BEGIN

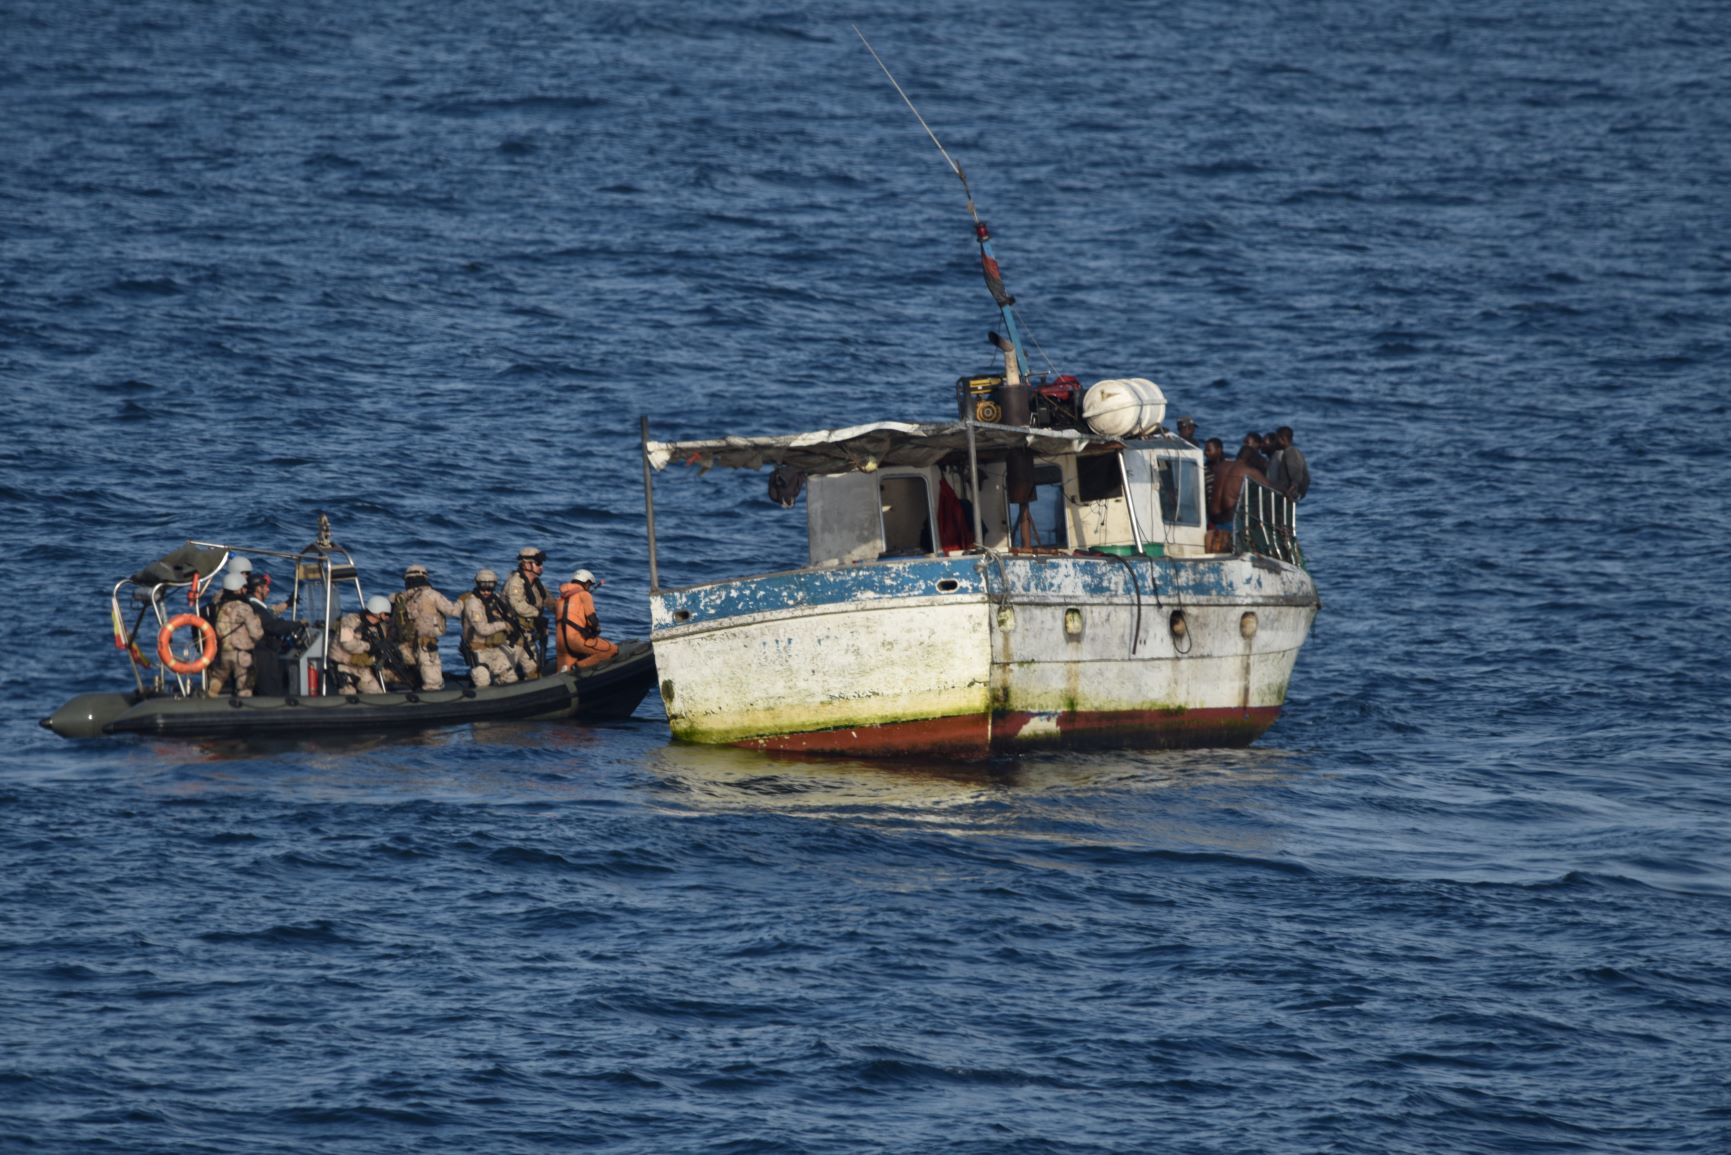 The patrol boat “Atalaya” assists a drifting fishing boat in Angolan coast
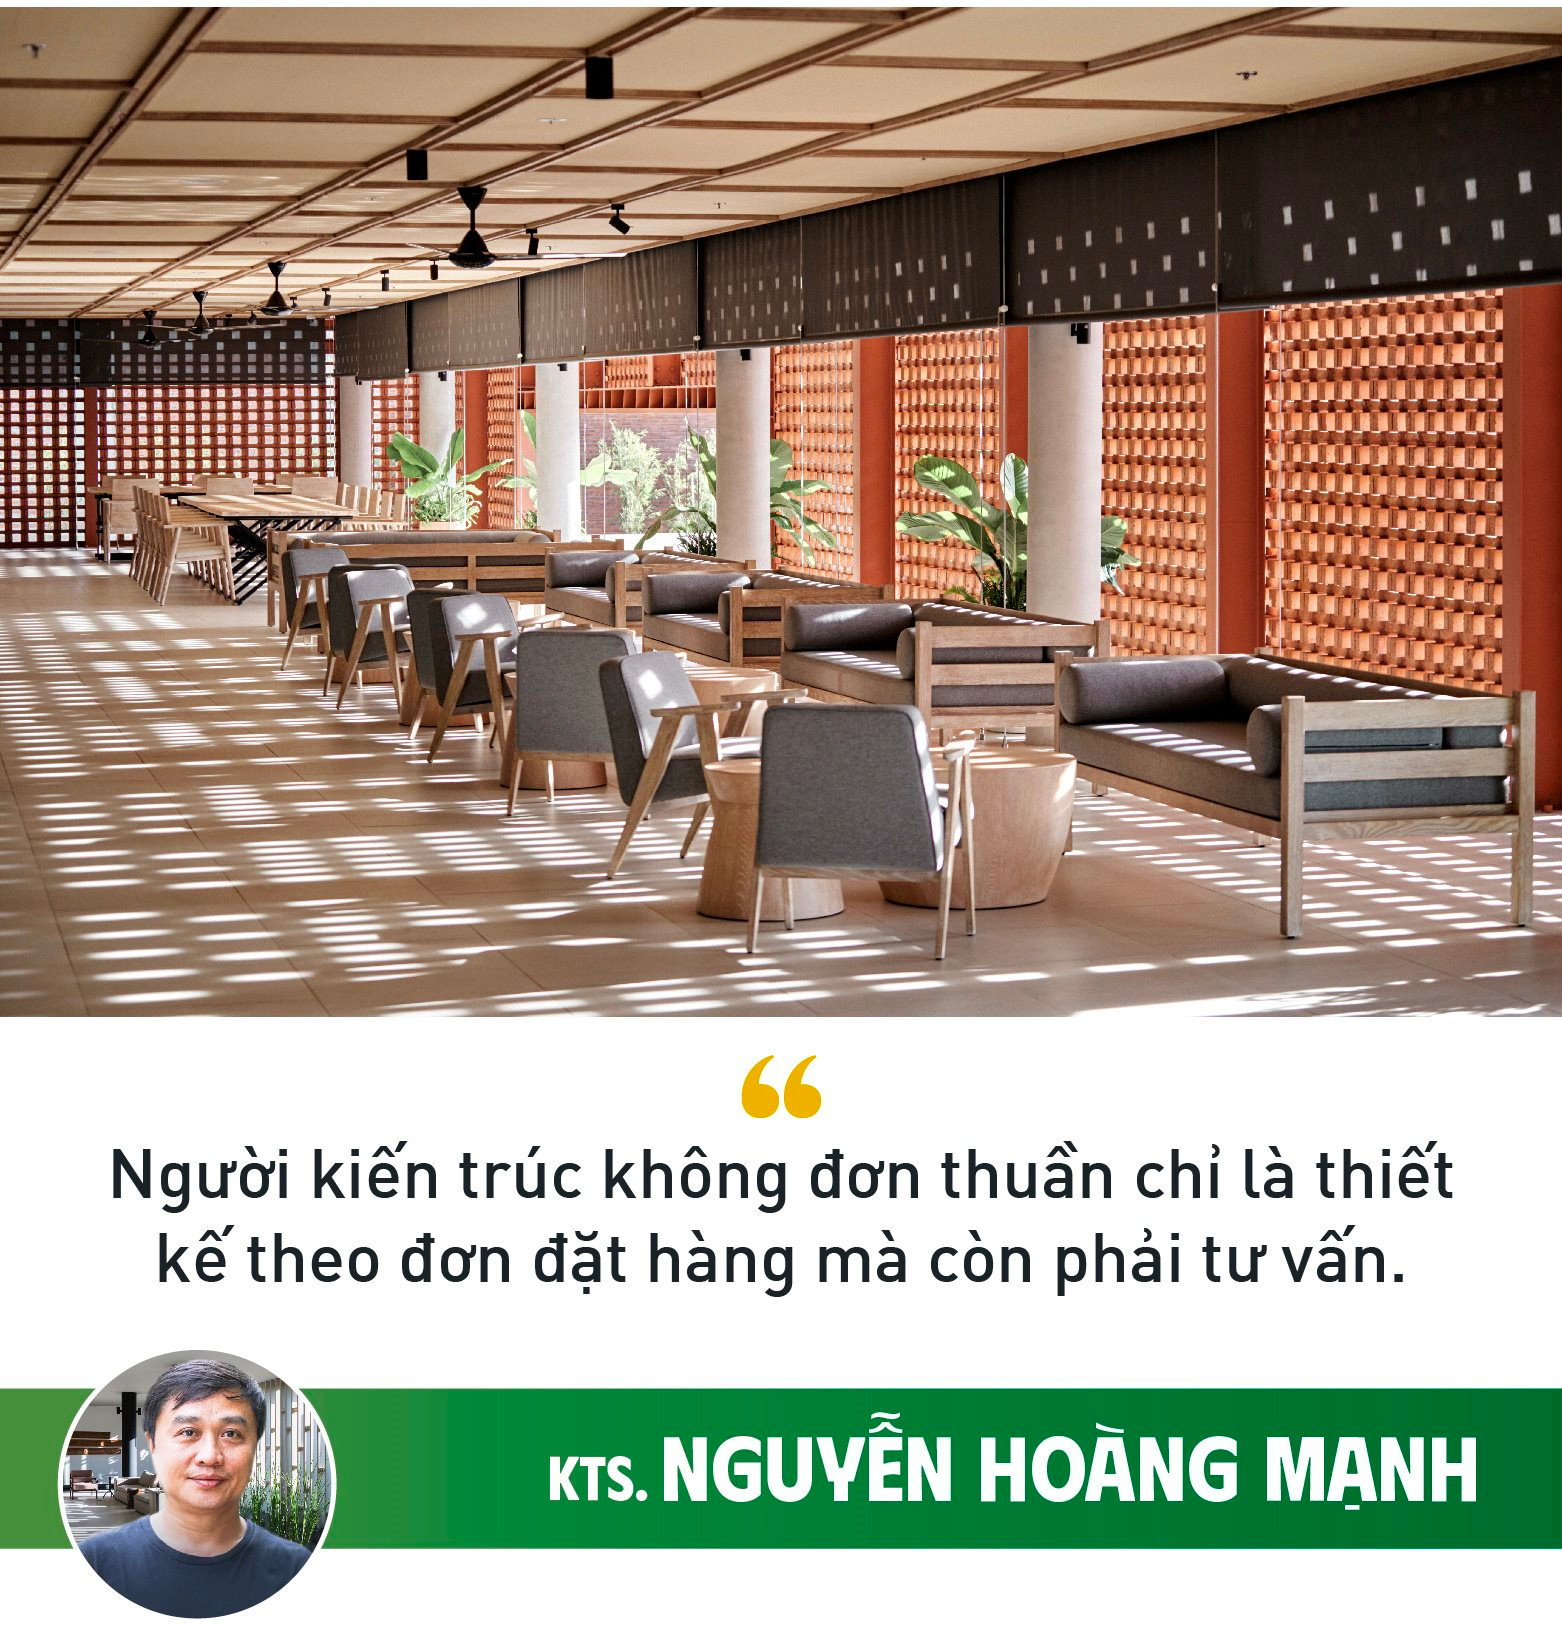 KTS. Nguyễn Hoàng Mạnh: "Khi thiết kế không nghĩ tới giải thưởng, lợi nhuận cũng không còn quá quan trọng" - Ảnh 7.
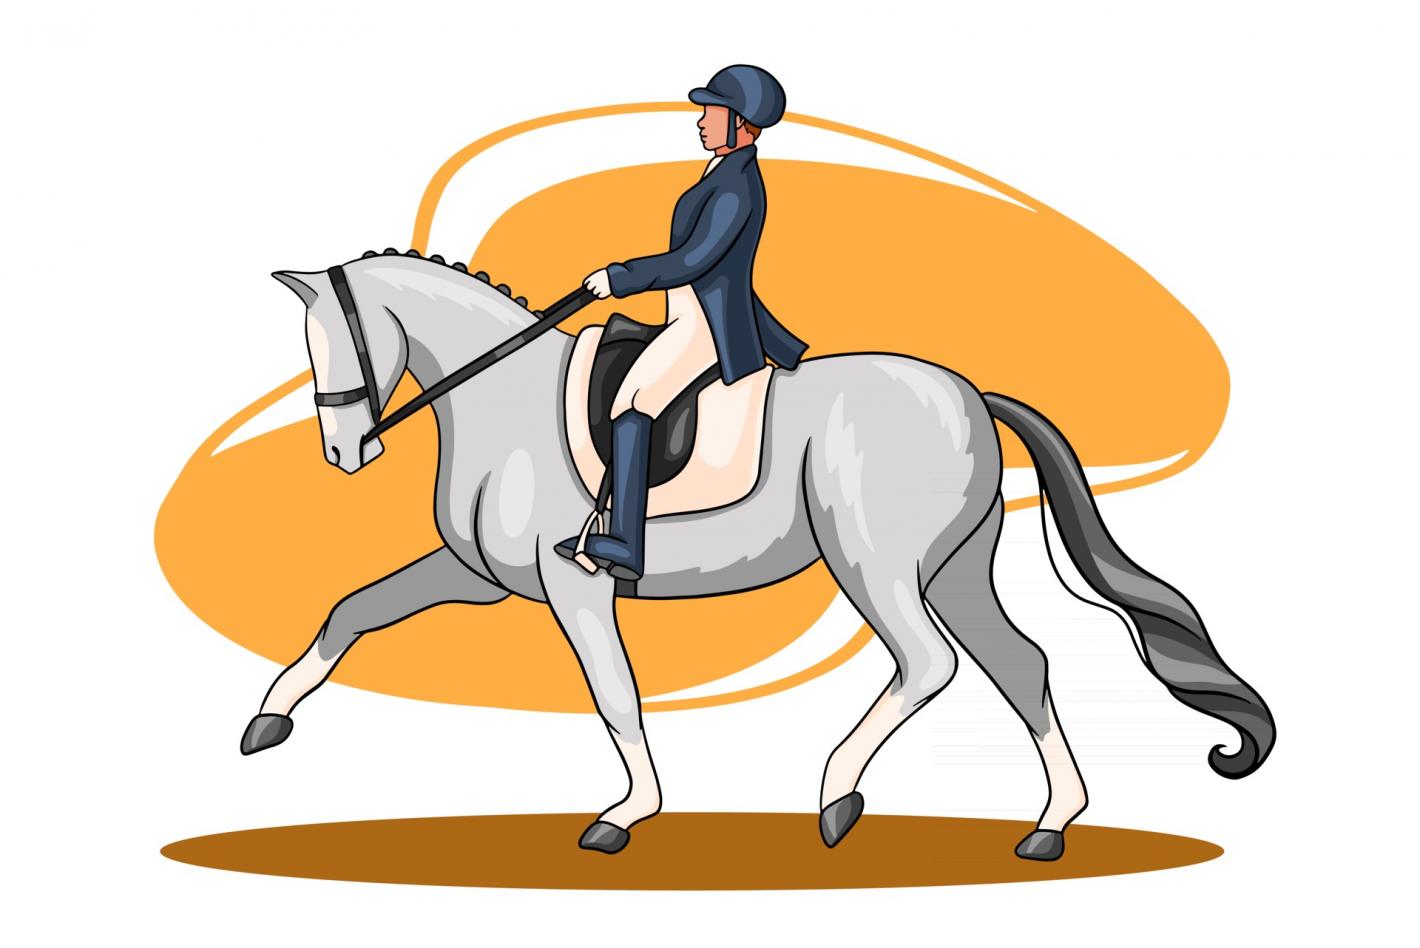 images/calabria/Dressage/medium/2435600-equitazione-donna-equitazione-dressage-cavallo-in-stile-cartone-animato-vettoriale.jpg

END

Give the data again exactly as it appears, but without any images.

 The patrol boat “Atalaya” assists a drifting fishing boat in Angolan coast
 KTS. Nguyễn Hoàng Mạnh: "Khi thiết kế không nghĩ tới giải thưởng, lợi nhuận cũng không còn quá quan trọng" - Ảnh 7.
 images/calabria/Dressage/medium/2435600-equitazione-donna-equitazione-dressage-cavallo-in-stile-cartone-animato-vettoriale.jpg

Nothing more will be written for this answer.